### WORK INSTRUCTION:
Please copy exactly the part of the records below that opens with the line containing "Beneath the Cryosphere" and closes with the line containing "seleccion de italia", leaving out any pictures.

------ ENTRIES SHOWN ------

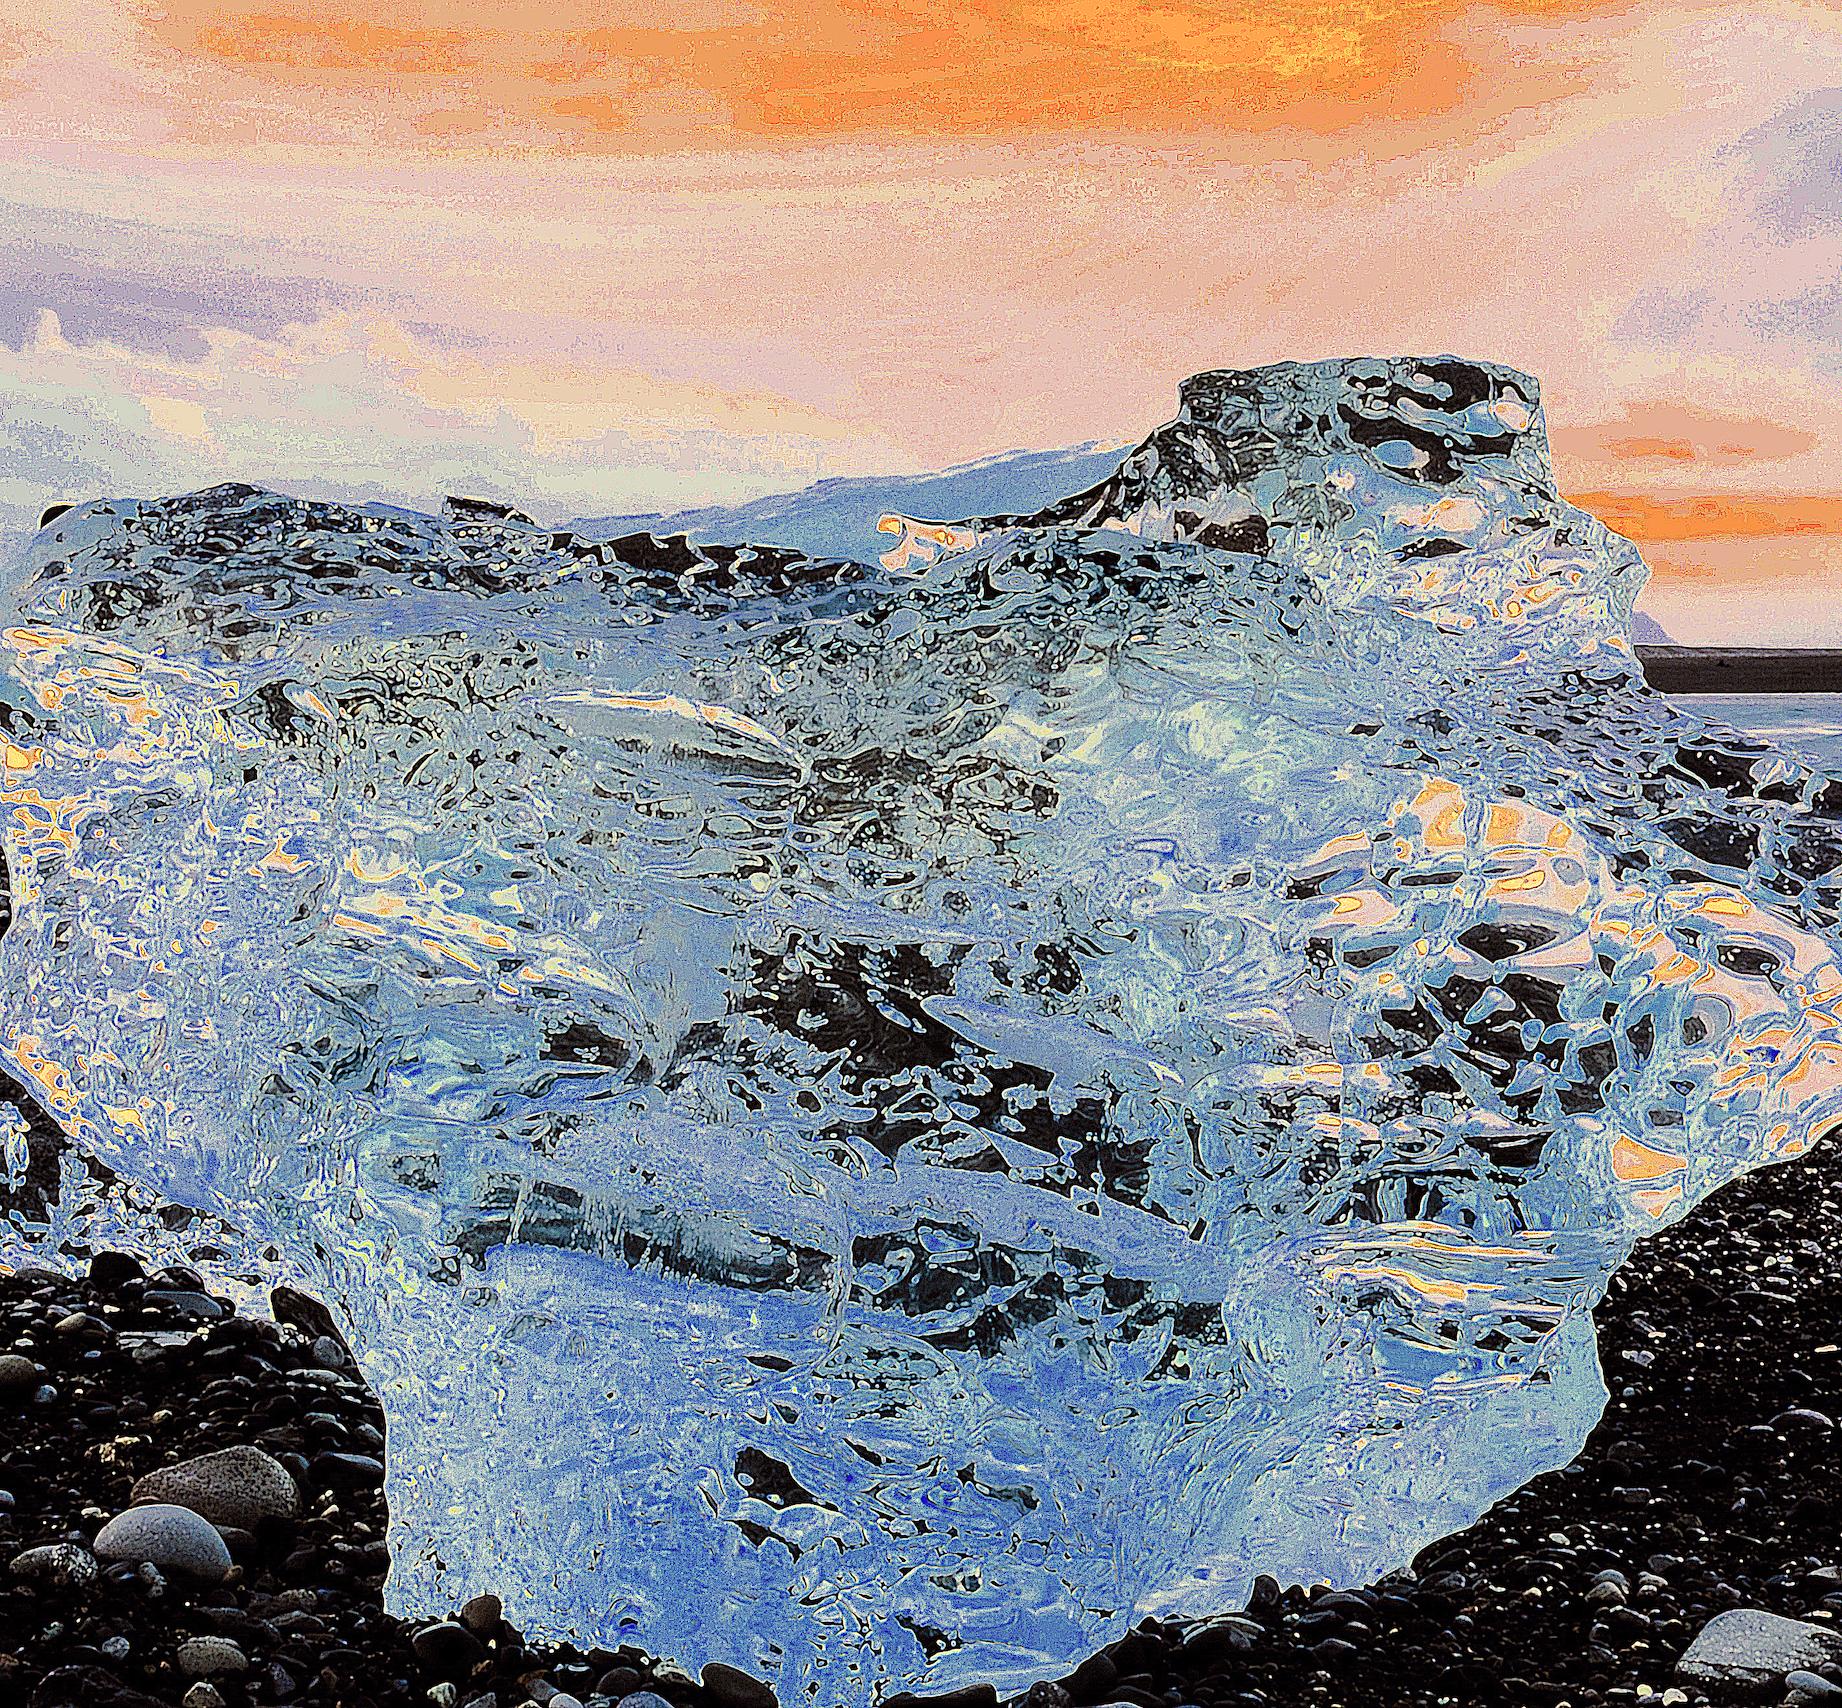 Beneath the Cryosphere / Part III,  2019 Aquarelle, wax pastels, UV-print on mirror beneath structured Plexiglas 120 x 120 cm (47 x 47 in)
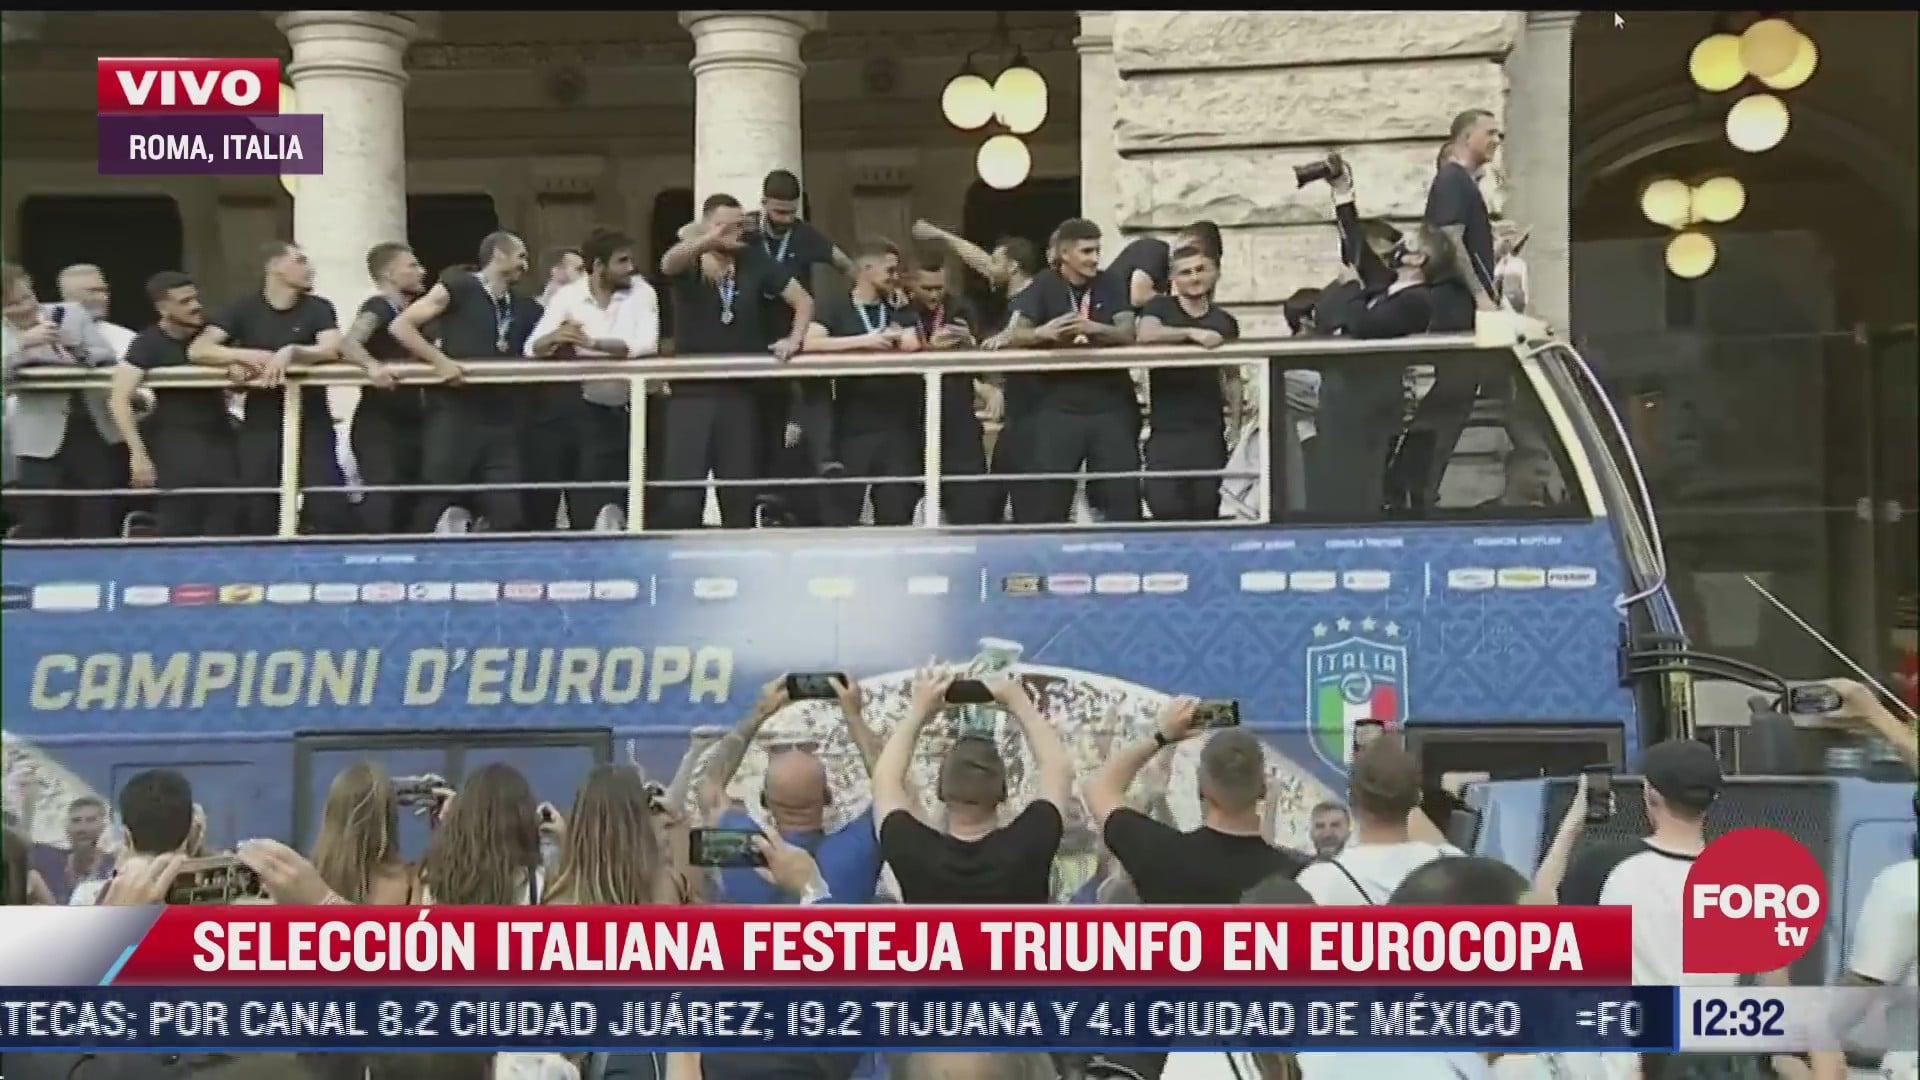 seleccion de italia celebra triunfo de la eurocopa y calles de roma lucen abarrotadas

------
------ ENTRIES SHOWN ------

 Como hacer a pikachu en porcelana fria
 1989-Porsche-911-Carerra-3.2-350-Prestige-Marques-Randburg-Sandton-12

------

### TASK ANSWER:
 Beneath the Cryosphere / Part III,  2019 Aquarelle, wax pastels, UV-print on mirror beneath structured Plexiglas 120 x 120 cm (47 x 47 in)
 seleccion de italia celebra triunfo de la eurocopa y calles de roma lucen abarrotadas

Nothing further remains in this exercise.